Items listed in a dataset:
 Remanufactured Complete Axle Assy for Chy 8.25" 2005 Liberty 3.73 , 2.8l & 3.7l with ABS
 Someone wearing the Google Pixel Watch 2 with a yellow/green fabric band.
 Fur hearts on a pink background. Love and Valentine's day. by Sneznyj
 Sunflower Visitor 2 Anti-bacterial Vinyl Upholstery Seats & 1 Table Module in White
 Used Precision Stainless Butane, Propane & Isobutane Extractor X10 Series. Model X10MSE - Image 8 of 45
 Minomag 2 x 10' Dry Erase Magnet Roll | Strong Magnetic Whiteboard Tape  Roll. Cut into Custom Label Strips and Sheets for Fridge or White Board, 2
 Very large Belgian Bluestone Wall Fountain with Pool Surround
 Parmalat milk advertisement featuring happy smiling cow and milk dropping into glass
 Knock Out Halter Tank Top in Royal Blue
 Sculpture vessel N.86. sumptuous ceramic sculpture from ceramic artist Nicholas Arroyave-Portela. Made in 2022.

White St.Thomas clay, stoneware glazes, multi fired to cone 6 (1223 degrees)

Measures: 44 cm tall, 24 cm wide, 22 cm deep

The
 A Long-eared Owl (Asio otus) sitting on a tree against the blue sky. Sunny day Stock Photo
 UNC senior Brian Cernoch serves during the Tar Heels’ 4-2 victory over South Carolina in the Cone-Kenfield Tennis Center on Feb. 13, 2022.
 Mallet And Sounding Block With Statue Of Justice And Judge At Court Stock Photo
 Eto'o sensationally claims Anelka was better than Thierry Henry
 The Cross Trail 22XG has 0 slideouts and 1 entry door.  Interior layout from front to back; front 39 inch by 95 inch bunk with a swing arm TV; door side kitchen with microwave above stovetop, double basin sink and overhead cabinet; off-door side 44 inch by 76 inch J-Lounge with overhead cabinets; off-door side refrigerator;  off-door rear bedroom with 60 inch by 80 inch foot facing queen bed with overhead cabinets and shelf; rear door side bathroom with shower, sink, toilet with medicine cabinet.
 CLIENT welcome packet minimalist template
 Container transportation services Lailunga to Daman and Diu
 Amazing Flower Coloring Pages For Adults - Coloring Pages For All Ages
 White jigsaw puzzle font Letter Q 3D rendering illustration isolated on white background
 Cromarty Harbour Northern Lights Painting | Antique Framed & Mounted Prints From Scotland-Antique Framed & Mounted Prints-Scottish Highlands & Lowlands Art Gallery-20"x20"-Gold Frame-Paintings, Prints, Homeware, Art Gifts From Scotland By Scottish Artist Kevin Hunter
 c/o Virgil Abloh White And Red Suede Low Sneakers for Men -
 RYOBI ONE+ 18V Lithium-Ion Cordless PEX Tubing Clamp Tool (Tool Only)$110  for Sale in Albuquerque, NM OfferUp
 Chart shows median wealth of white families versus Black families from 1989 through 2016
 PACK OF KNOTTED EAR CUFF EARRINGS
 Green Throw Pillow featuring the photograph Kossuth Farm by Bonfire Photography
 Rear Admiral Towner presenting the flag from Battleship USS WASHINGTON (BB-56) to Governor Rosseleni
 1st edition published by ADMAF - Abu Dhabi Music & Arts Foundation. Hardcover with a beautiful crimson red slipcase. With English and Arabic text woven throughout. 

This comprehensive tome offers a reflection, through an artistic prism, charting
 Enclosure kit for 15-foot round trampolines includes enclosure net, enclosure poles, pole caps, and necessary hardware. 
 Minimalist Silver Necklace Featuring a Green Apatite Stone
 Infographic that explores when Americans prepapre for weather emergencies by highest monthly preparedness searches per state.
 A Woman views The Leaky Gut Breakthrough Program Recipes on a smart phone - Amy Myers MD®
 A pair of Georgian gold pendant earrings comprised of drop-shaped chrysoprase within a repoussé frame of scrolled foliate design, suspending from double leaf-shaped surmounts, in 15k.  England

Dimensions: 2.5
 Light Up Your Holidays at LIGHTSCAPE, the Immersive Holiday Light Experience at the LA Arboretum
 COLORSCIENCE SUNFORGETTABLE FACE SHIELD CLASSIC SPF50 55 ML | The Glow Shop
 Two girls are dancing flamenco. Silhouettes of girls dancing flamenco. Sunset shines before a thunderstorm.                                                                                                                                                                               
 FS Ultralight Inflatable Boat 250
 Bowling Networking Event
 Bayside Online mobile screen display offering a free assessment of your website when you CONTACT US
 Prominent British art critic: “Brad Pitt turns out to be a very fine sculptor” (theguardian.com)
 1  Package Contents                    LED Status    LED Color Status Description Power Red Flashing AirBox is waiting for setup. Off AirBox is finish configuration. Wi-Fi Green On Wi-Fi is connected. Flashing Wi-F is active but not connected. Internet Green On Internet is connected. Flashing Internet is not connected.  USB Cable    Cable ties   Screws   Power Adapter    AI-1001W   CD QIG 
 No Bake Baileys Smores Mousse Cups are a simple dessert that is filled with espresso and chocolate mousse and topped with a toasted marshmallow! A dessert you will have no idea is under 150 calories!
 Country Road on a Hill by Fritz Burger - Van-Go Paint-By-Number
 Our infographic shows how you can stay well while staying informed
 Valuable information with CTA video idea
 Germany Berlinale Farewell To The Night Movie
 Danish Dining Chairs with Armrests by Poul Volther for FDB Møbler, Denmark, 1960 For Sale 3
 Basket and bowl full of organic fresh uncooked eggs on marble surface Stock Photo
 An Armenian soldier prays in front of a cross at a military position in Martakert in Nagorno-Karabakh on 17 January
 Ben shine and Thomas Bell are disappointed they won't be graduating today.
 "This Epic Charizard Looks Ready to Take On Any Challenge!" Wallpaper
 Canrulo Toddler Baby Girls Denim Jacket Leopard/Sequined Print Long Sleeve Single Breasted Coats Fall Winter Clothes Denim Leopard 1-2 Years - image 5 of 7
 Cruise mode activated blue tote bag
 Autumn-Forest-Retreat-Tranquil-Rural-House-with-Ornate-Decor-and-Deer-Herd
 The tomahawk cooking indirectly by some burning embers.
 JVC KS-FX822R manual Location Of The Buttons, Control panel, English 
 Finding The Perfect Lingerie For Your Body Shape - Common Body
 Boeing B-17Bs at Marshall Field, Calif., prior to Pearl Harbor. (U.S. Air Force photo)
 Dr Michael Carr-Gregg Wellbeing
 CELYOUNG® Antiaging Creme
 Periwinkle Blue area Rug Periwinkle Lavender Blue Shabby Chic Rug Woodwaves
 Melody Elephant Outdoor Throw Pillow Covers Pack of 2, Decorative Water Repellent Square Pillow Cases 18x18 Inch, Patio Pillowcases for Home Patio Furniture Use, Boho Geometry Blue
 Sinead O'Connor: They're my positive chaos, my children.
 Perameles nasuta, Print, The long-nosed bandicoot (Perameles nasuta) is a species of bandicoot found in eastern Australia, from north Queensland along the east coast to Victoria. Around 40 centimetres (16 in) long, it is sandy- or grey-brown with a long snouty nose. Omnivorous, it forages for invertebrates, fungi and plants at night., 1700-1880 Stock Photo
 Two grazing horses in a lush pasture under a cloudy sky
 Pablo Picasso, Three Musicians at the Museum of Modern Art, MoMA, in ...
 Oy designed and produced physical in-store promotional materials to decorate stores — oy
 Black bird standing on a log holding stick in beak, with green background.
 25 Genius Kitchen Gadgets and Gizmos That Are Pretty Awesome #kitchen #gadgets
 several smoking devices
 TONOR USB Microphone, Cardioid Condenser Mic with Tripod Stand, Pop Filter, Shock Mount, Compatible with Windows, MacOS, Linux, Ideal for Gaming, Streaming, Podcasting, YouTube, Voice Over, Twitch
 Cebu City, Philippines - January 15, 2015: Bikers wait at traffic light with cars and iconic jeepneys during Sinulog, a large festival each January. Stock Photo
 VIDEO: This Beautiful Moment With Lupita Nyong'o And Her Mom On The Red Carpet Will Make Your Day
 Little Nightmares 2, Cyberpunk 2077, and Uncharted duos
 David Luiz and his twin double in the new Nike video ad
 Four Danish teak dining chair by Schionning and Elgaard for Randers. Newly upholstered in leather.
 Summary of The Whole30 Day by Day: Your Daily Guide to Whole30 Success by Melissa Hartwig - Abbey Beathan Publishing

▸ **Activity**
Each line from the one that contains "Black bird standing" through the end of the records must be repeated exactly. No other line belongs in the answer.

▸ **Answer section**
 Black bird standing on a log holding stick in beak, with green background.
 25 Genius Kitchen Gadgets and Gizmos That Are Pretty Awesome #kitchen #gadgets
 several smoking devices
 TONOR USB Microphone, Cardioid Condenser Mic with Tripod Stand, Pop Filter, Shock Mount, Compatible with Windows, MacOS, Linux, Ideal for Gaming, Streaming, Podcasting, YouTube, Voice Over, Twitch
 Cebu City, Philippines - January 15, 2015: Bikers wait at traffic light with cars and iconic jeepneys during Sinulog, a large festival each January. Stock Photo
 VIDEO: This Beautiful Moment With Lupita Nyong'o And Her Mom On The Red Carpet Will Make Your Day
 Little Nightmares 2, Cyberpunk 2077, and Uncharted duos
 David Luiz and his twin double in the new Nike video ad
 Four Danish teak dining chair by Schionning and Elgaard for Randers. Newly upholstered in leather.
 Summary of The Whole30 Day by Day: Your Daily Guide to Whole30 Success by Melissa Hartwig - Abbey Beathan Publishing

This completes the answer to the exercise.